Taking over the roads are homegrown companies like Geely Automobile Holdings Ltd., which responded to the SUV popularity surge faster than most of the foreign competition. Domestic brands have also boosted the quality and performance over the last decade while undercutting overseas marques on price. Local companies now command 52 percent of the nation's SUV market, up from just 23 percent in 2009, Bloomberg Intelligence and CAIN data show.
Korean firms can learn from the recent plight of Japanese automakers such as Honda Motor Co. and Toyota Motor Corp., who lost their footing after a 2012 dispute over islands in the East China Sea sparked tensions that throttled auto sales. The companies never fully recovered from what was supposed to be a short-term hit because executives assumed that business would return to normal after political pressure simmered down.
They didn't appreciate that Chinese consumers tend to have little brand affinity. So by the time the political rhetoric ebbed, tastes had changed, and the Japanese couldn't offer the latest bells and whistles.

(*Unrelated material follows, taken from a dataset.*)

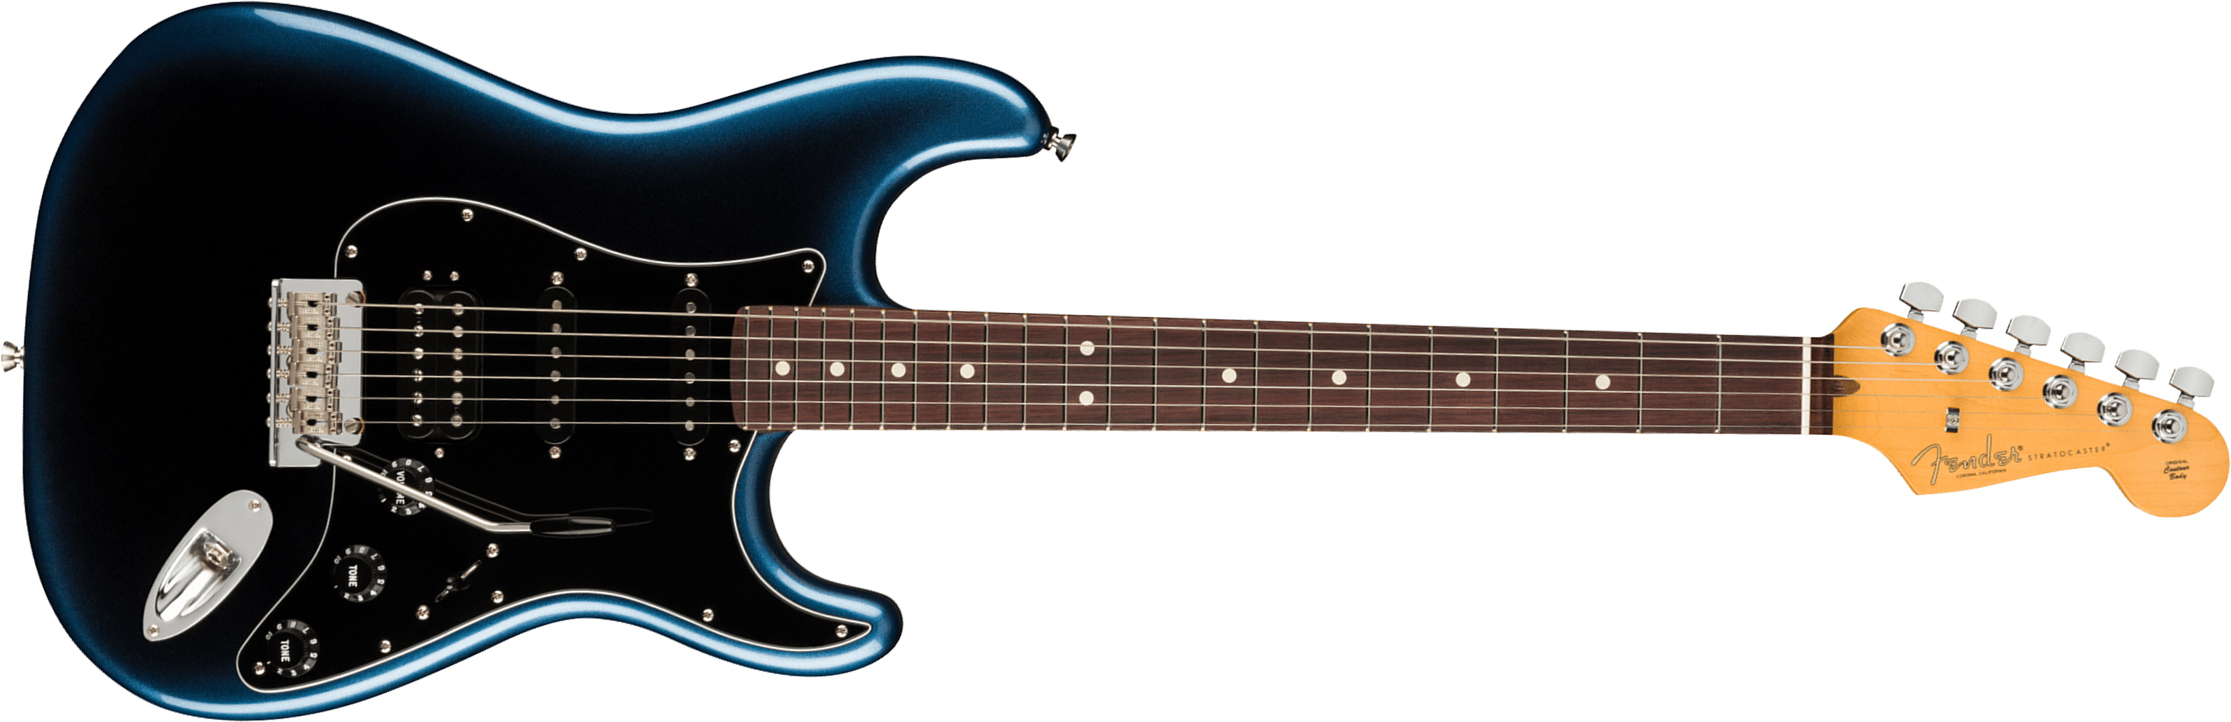 Fender Strat American Professional Ii Hss Usa Rw - Dark Night - Str shape electric guitar - Main picture

The same thing is happening now to Kia and Hyundai, which lag in the nation's three fastest-growing areas: SUVs, electric vehicles, and luxury models.
Revving up production and marketing of SUVs is the most pressing matter. They currently make up a fifth of China's car market, suggesting there's room to grow if the love affair with large cars continues. In the U.S., SUVs and trucks make up two-thirds of the market.
Korean car brands are also going to have to go back to their roots and sell vehicles at lower prices.
That's because the number of SUV models on sale in China has quadrupled since 2010 and competition is rising, according to Bloomberg Intelligence analyst Steve Man.
Profit-nipping price wars are bound to follow, and Korean manufacturers are going to have to participate in order to win back Chinese consumers.
If Korean carmakers want to rebound from the Beijing-induced speed bumps, they're going to have to worry less about statecraft they can't control and more about the business they can. Even in China, good products at reasonable prices tend to trump short-term political woes.
This column does not necessarily reflect the opinion of Bloomberg LP and its owners.